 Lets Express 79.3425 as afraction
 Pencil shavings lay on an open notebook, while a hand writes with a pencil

...

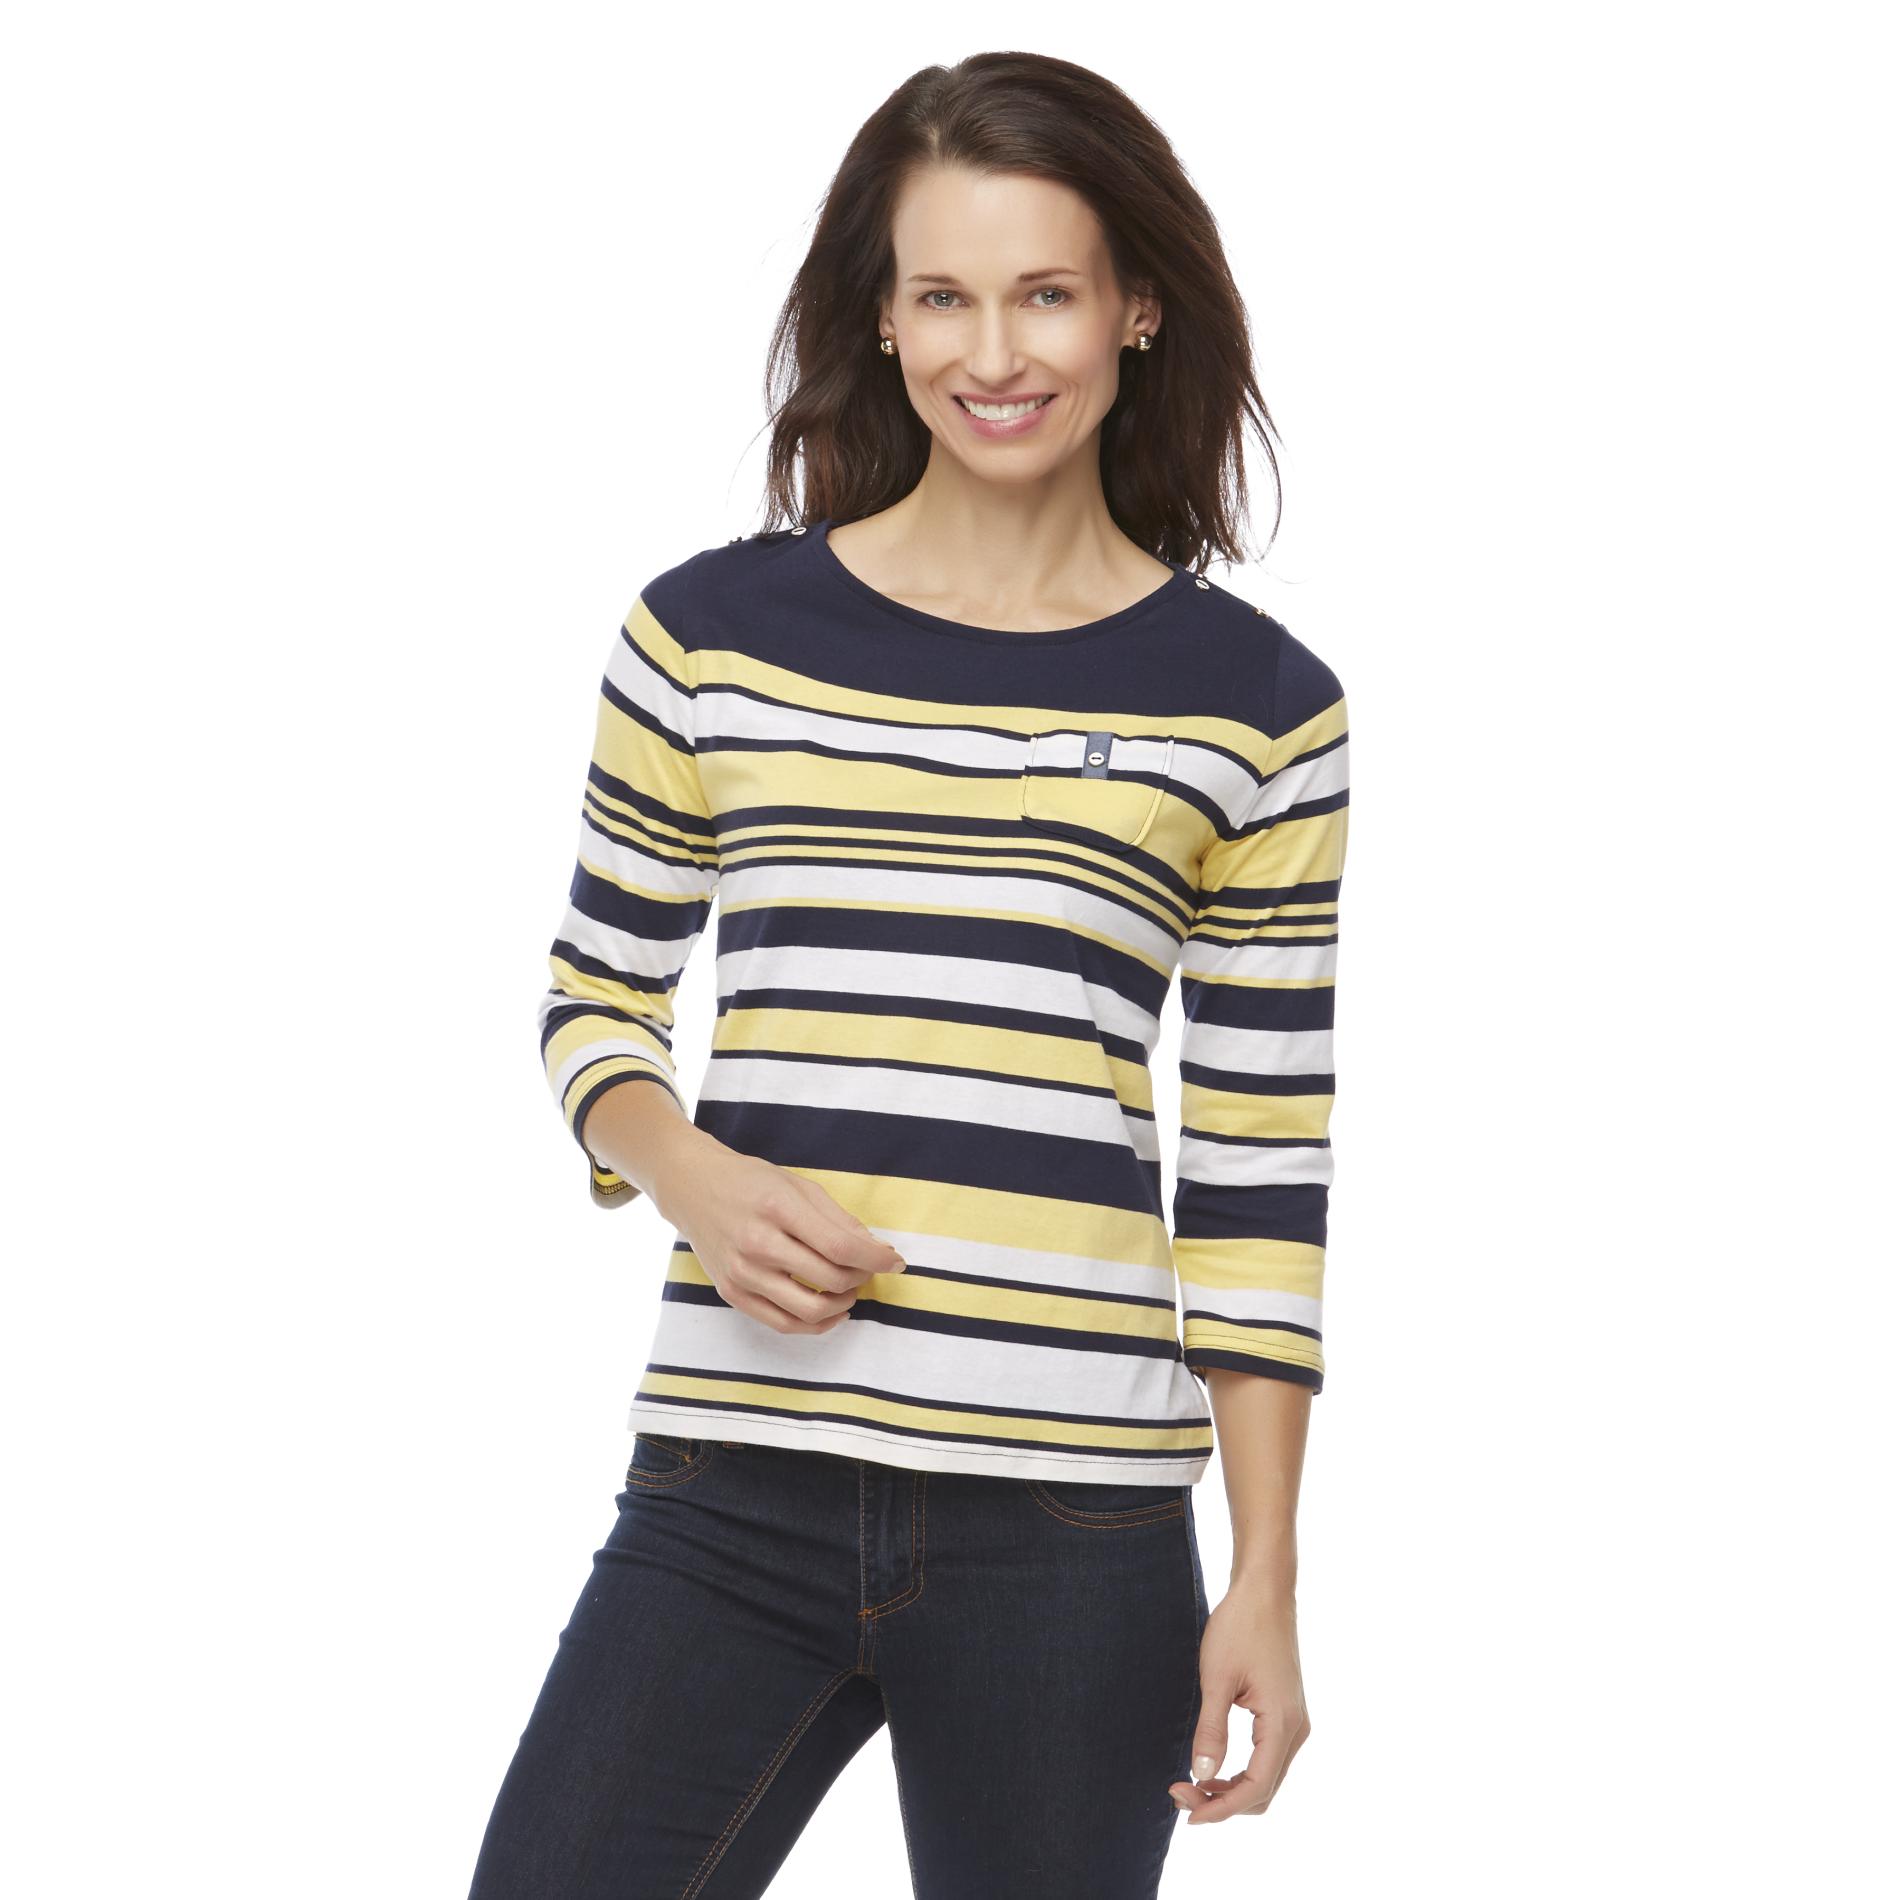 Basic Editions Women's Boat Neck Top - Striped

EXERCISE DETAILS — A word-for-word copy of the lines above from the one with "Lets Express 79.3425 as afraction" through the one with "Pencil shavings lay", inclusive, is the only output wanted.

RESULT —
 Lets Express 79.3425 as afraction
 Pencil shavings lay on an open notebook, while a hand writes with a pencil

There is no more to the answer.